19/09/2012

Le syndicaliste, le conseiller administratif et Marilyne Monroe

 

De la fenêtre du tram je vois Robert en train de courir derrière un môme dans la rue en bas de chez moi. Je sors comme une bombe de mon tram en me demandant à quoi joue le patron mon rade préféré ?? Quand je rentre au « Sabre et l’Amitié réunis » c’est le tremblement de terre, les chaises parterre, les bouteilles renversées et Denise qui pleurniche essuyant  son nez de son tablier douteux. Tous les clients parlent en même temps et Palu derrière ce qui reste du bar est complètement tétanisé. Nom d’une clé anglaise que s’est-il passé ? Robert revient tout essoufflé mais triomphant il a récupéré l’argent de la caisse de la journée et il a mis une tannée au gamin qui voulait jouer au braqueur.  Applaudissements nourris, regards langoureux de Denise vers son héros de mari, tout le monde se met au travail pour redonner un peu de lustre à notre bistrot favori.

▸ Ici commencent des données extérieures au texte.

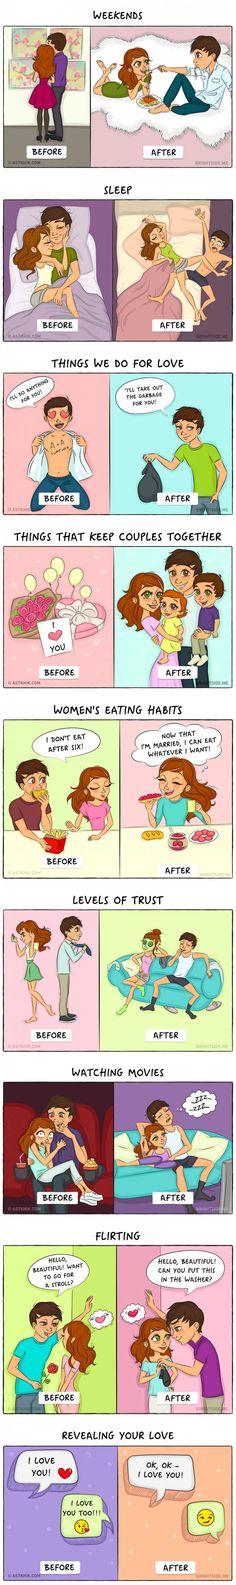 Dating Vs Marriage http://ibeebz.com

Une demi-heure plus tard je suis à table avec La vieille dame en fauteuil roulant, Momo et un autre client habitué. « On a eu chaud ! » dit Denise en venant prendre la commande.  Momo imperturbable lit inlassablement.Je regarde par-dessus son épaule et ça semble être de l’hébreux. Surprise « C’est quoi ? » Momo stupéfait « Tu ne lis pas l’hébreux ? » Tout le monde autour de la table se bidonne, un habitué lui dit « personne ici ne lit l’hébreux sauf toi ! » Momo pose son livre et me dit « Est-ce que ta campagne est aussi meurtrière que tu l’espérais ? » chacun attend des détails croustillants,  une petite révélation sur les mœurs sexuelles de la politique genevoise, une cruauté sur le physique ou l’intellect de certain, une arnaque à dégoupiller le temps venu … Je souris et réponds à tous « Y’a quelqu’un qu’est syndiqué ici ? » Personne. Pas une main ne se lève. Le regard de la vieille dame pétille, elle a déjà compris où j’allais en venir. Elle avale tranquillement une gorgée de rouge et me demande avec cette gentillesse qui annonce d'un rire collectif homérique : « Il est toujours après toi, l’omni conseiller ?" Belle formule, je me retiens de rire. « Tu devrais en parler à Robert, il est en forme en ce moment… » « C’est un coup à se retrouver au gnouf ! ça vaut pas la peine. » La vieille me répond  « Pour une fois qu’il verrait un travailleur de près, on saurait comment il les aime, les prolos ».

Momo, qui ne perd pas un mot de notre discussion, se mêle à la conversation et conclue « Certains les aiment chauds, mais je crois pas que ça va lui plaire » La vieille dame pouffe de rire dans son mouchoir, Momo lui fait un clin d’œil et reprend sa mystérieuse lecture. C’est le moment que Robert choisit pour nous en lancer une qui vaut son pesant nougatine « Je comprends pas pourquoi un arabe lit un livre en hébreu ? ». Voilà, la discussion est lancée. Il ne reste plus qu’à laisser courir en sirotant un martini gin avec la certitude que la soirée sera… pour le moins distrayante.

 

Lulu la nantaise    

 

10:46 Publié dans Résistance | Lien permanent | Commentaires (0) | |  Facebook

Les commentaires sont fermés.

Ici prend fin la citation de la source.